WHAT IS EXPECTED
Nothing but the lines below from the one holding "Alternate Image 3" up to and including the one holding "Printa Cafe Menu" should be copied, exactly and without pictures.

INPUT FOR THIS TASK
• • • •
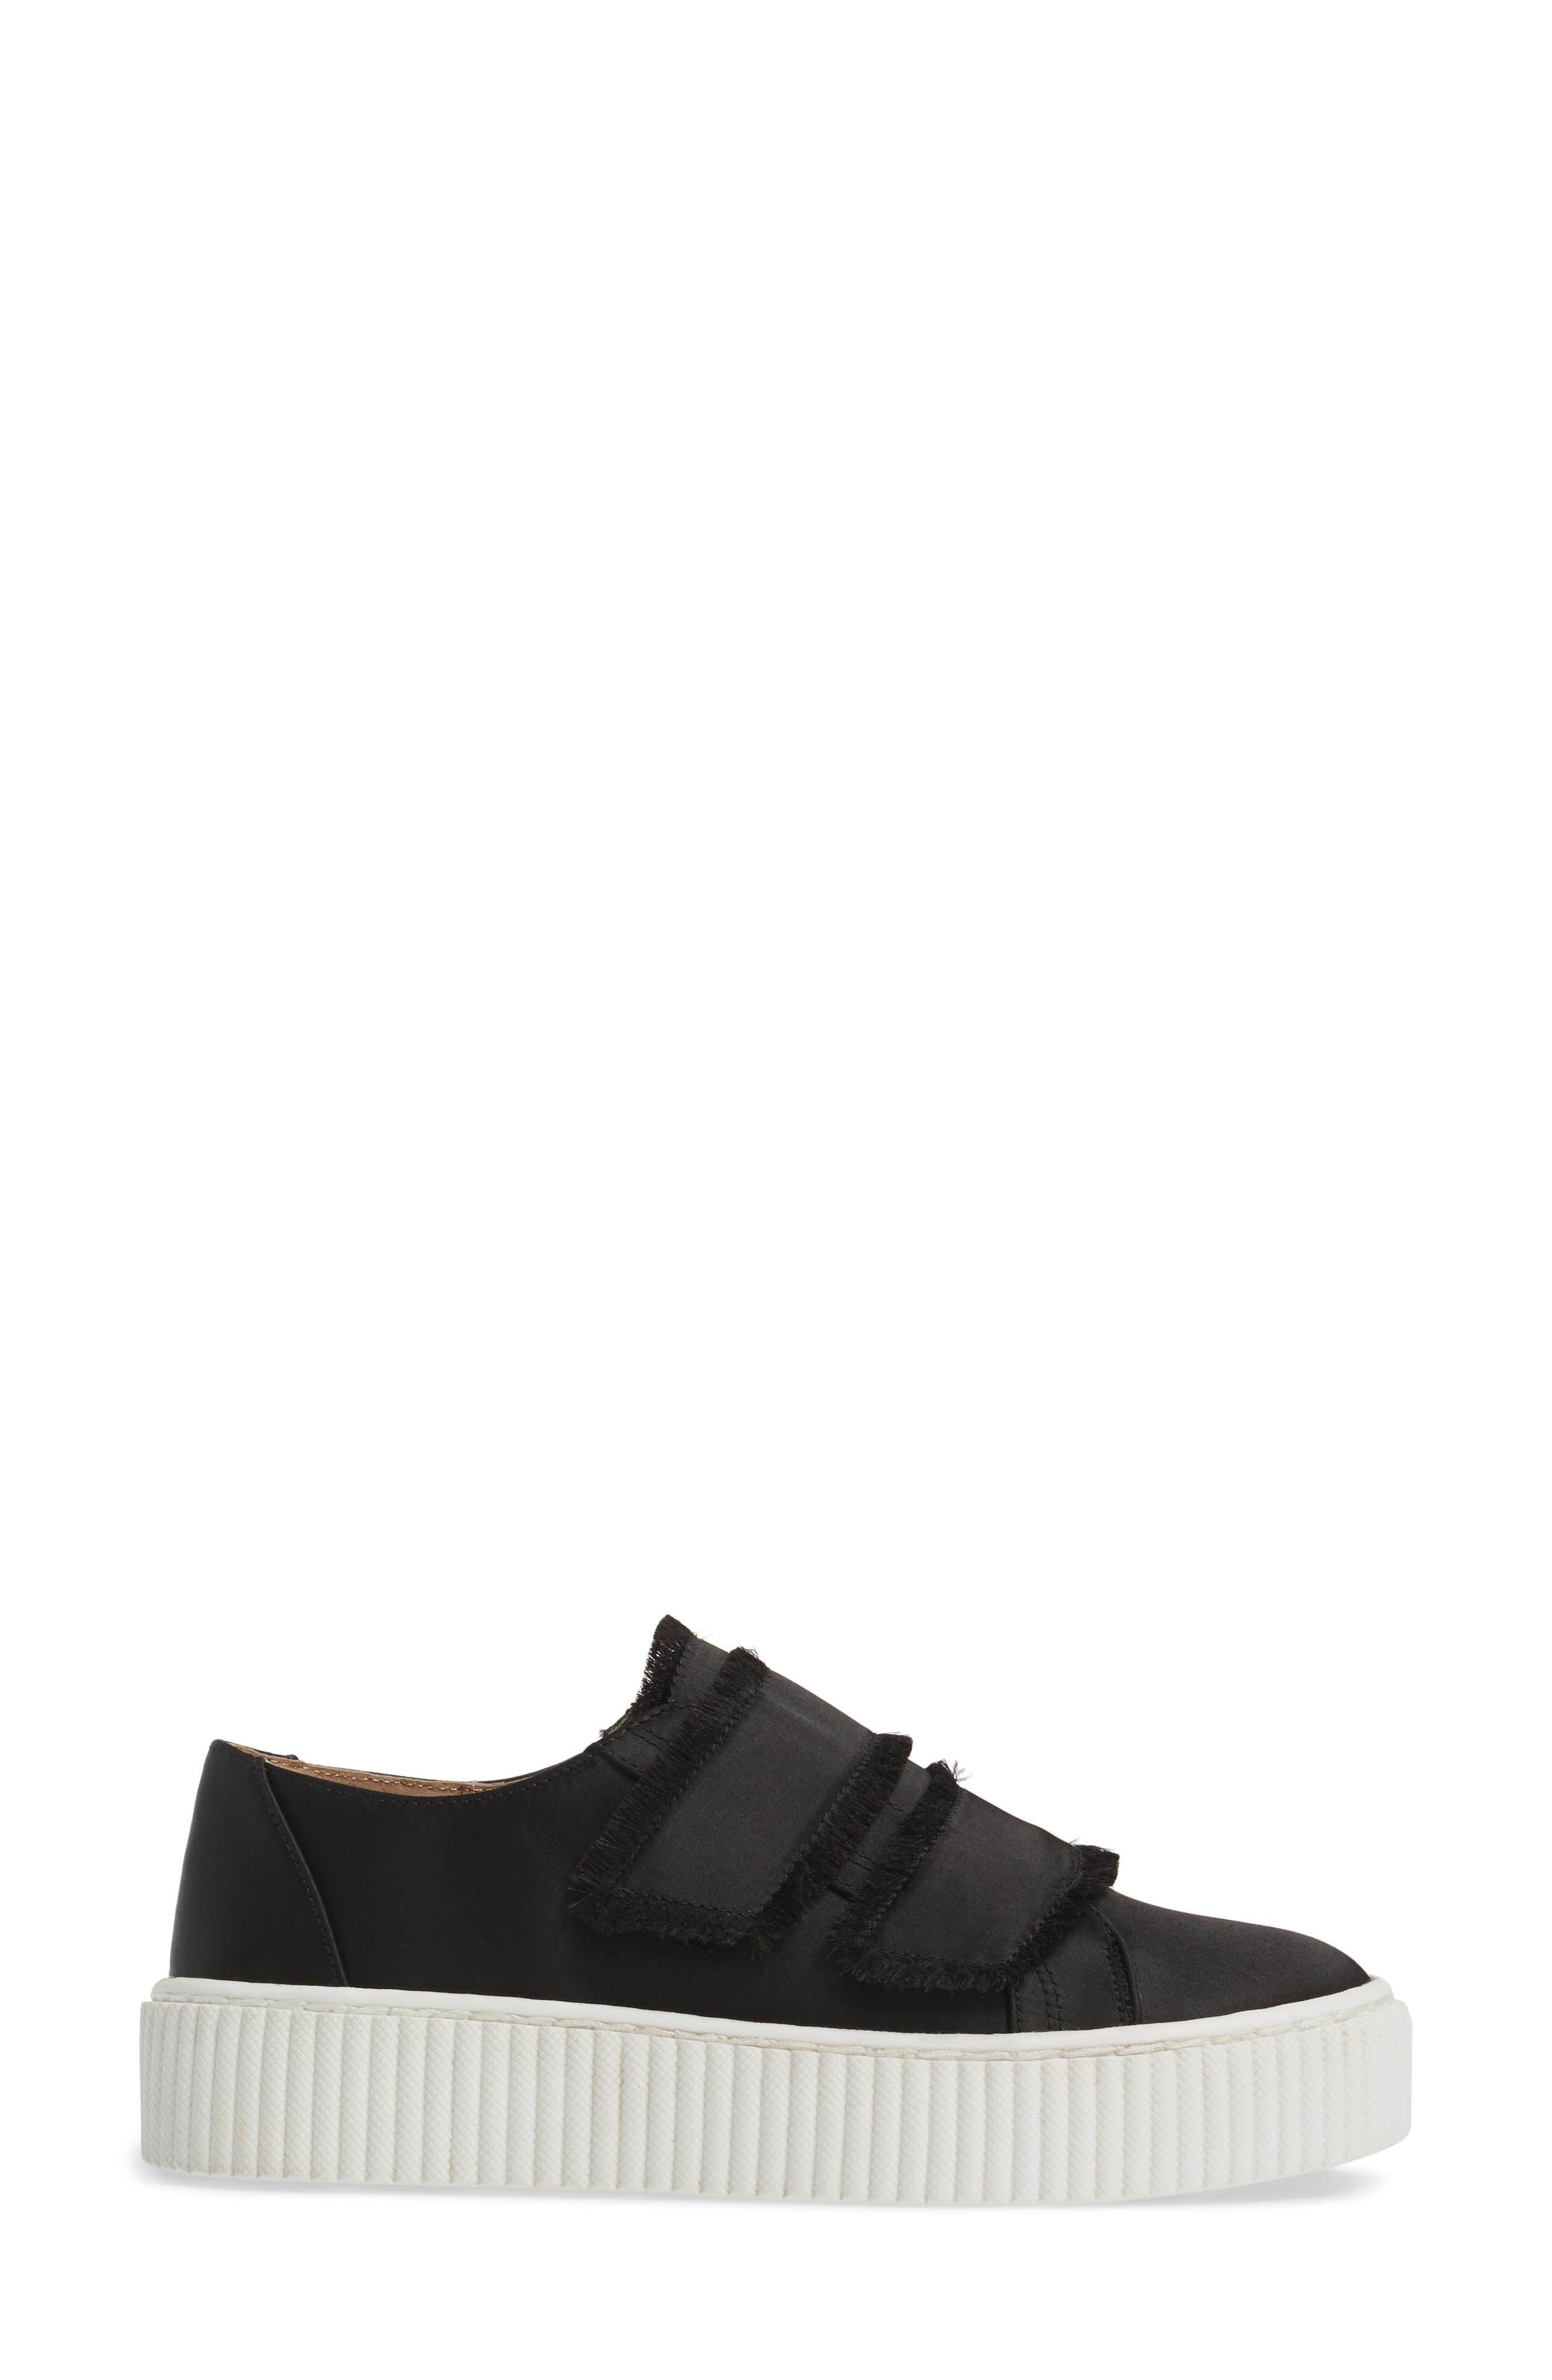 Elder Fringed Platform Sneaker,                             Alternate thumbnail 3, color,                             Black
• • • •
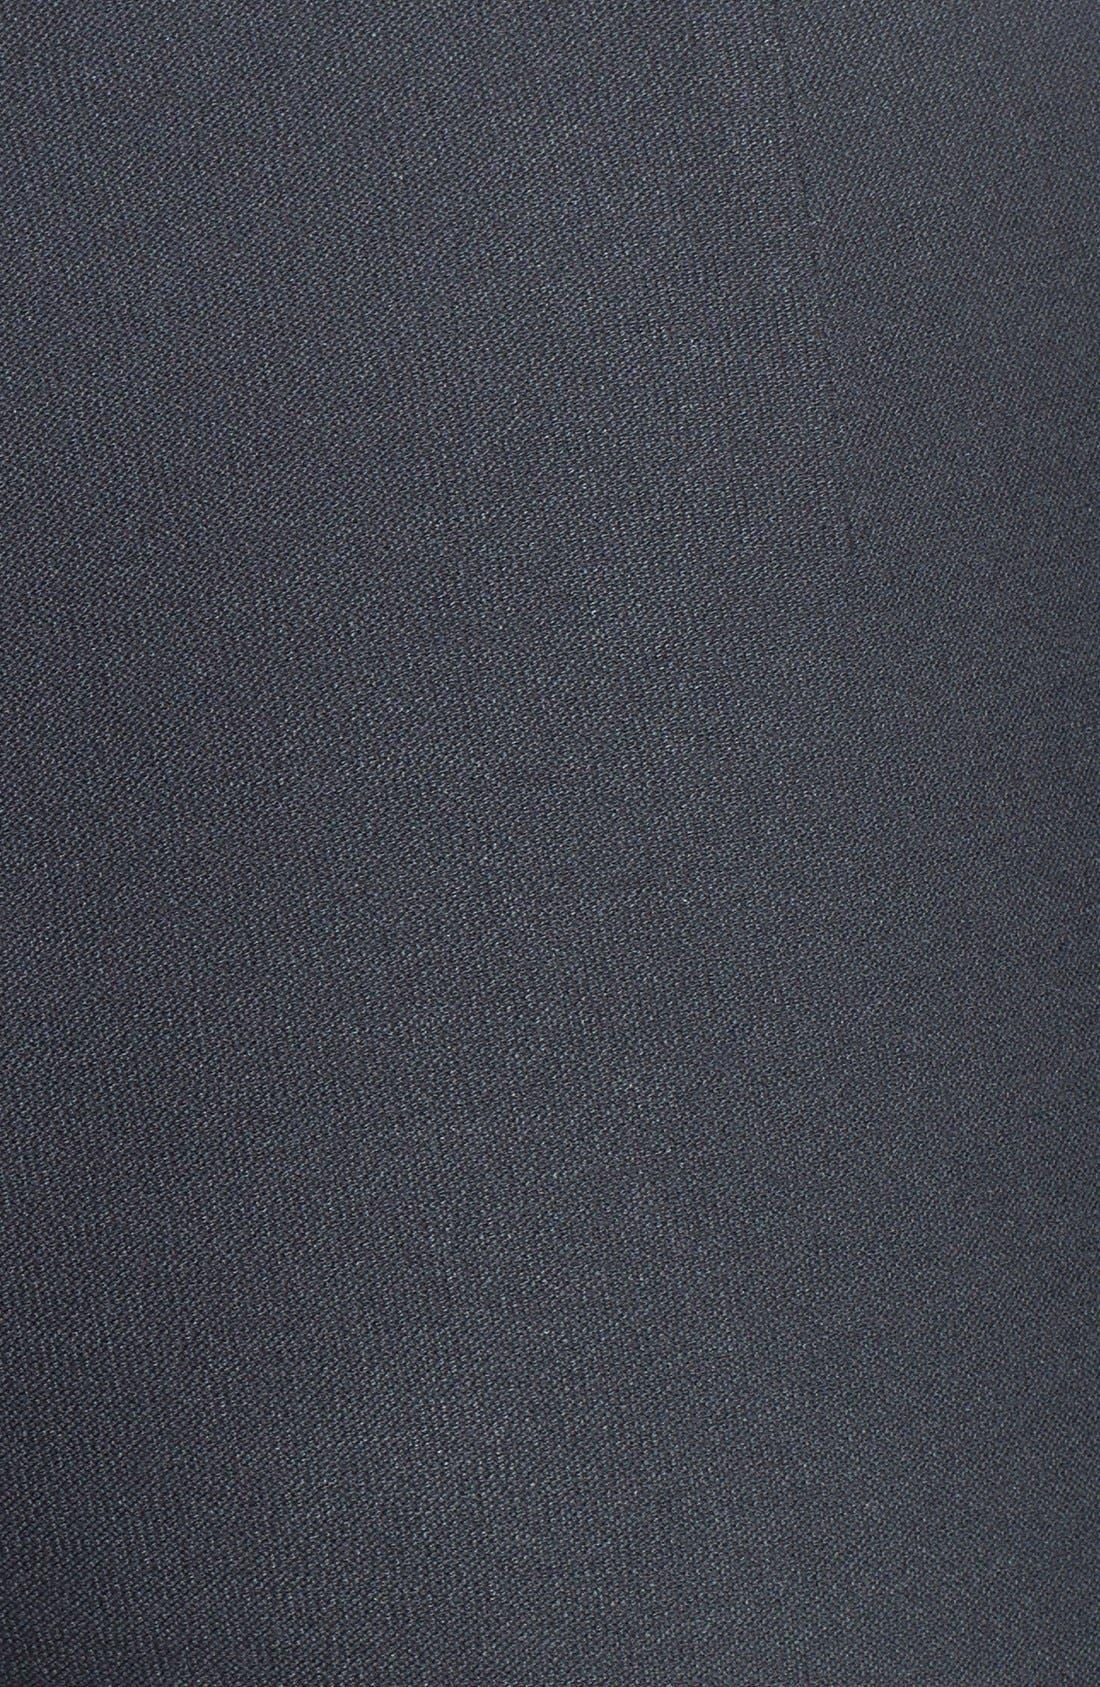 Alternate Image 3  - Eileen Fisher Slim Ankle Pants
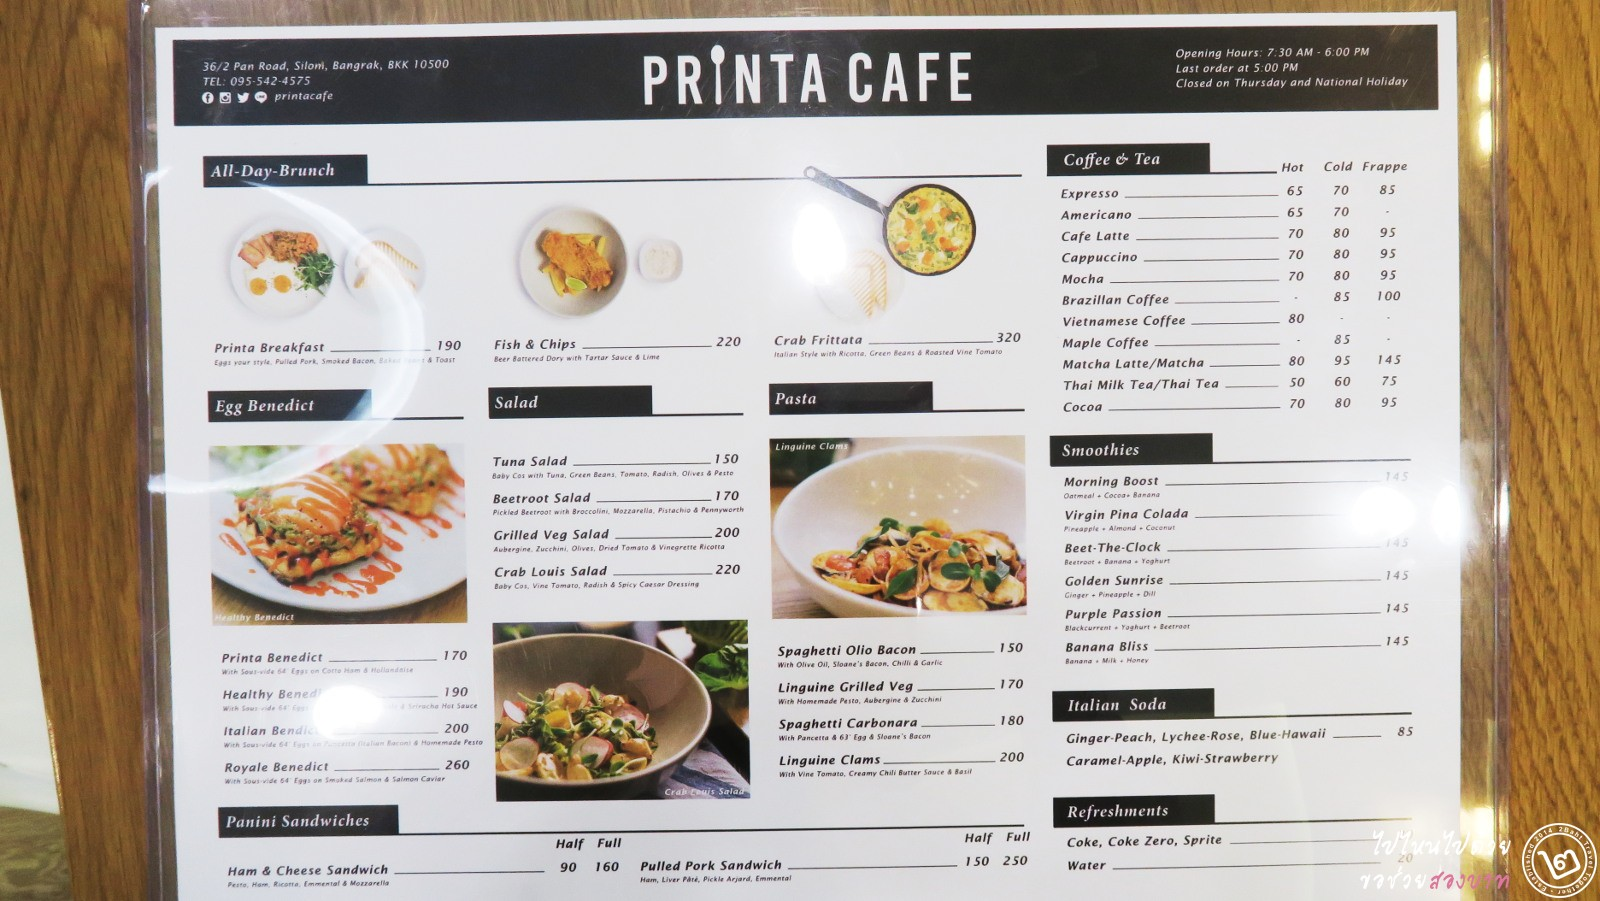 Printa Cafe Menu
• • • •
ANSWER SPACE
 Alternate Image 3  - Eileen Fisher Slim Ankle Pants
 Printa Cafe Menu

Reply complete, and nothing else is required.